Carrying the light across the seas

Studies show that more and more Filipinos are joining the migration force. Our country is among the largest migrant countries of origin in the world, and acclaimed by the leaders as a strong force towards sustaining economic development through the input of foreign currency. But migration has also affected the state of the Filipino family and torn Filipino seafarers and Overseas Filipino Workers (OFWs) from their families. Apart from financial incentives, Filipinos migrate for their desire to live abroad, enjoy the comforts of a more developed culture, have a brighter future, and other reasons.

Nonetheless our migrants, particularly domestic workers, remain vulnerable to exploitation and abuse, including contract violations, sexual harassment, inhumane conditions, notwithstanding the psycho-spiritual trauma felt in loneliness, poor or no communication, and forms of family conflicts and brokenness. Thus the rise of the migrant apostolate that caters to the plight and safety of our migrant workers, while also attending to the migrants’ families in the country, as well as incoming migrants from other cultures.
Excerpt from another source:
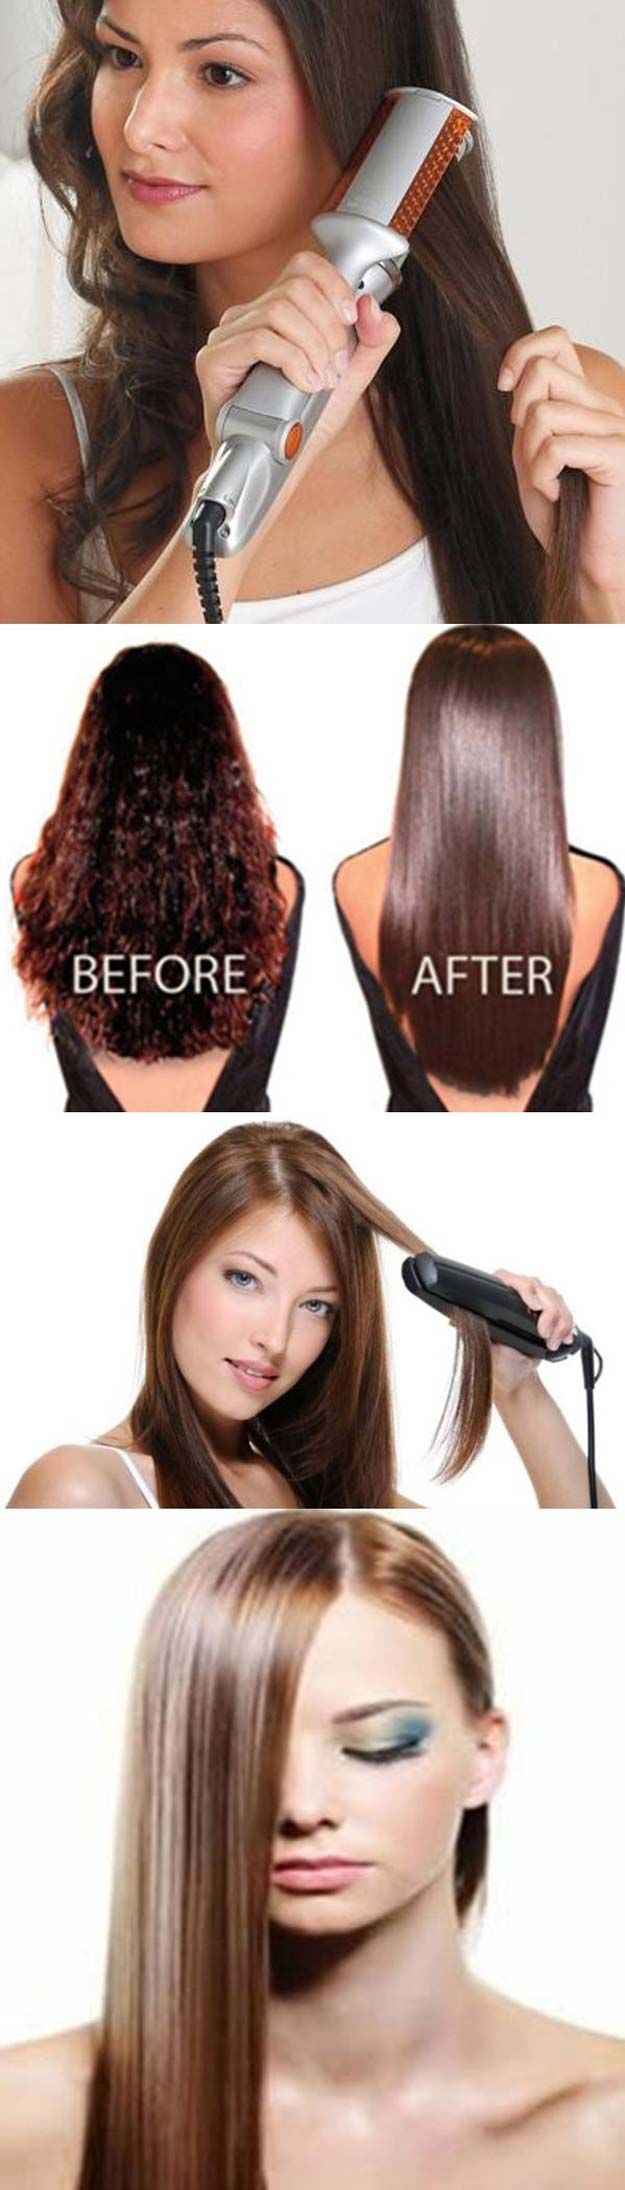 Straight perm yahoo answers - Best 25 Chemical Hair Straightening Ideas On Pinterest Hair Straightening Hair Straightener Products And Hair Straightening Treatments

Noteworthy, however, is the missionary spirit promoted by many lay Catholics who give time to participate and help in the building up of the ecclesial communities they belong to. The faith they probably practiced on an ordinary routine level back home is now challenged for them to shine as models in quiet, humble ways as gratitude and service to the God who granted them the opportunity to find a more promising employment in a foreign land. This becomes a way of ‘evangelizing’ by example and discovering God’s rewarding graces through fraternal charity and apostolic sharing. Our father in faith Abraham journeyed to a foreign land in obedience to God, a stranger not knowing what would happen. He endured many trials but found his strength in God. (cf. Heb 11:8-9) We pray for our migrants that as they go through storms in life, they be strong in carrying the light of Christ, opening the doors of multi-cultures to the God of love: “Let Christ enter, the King of Glory!” (Ps 24:0).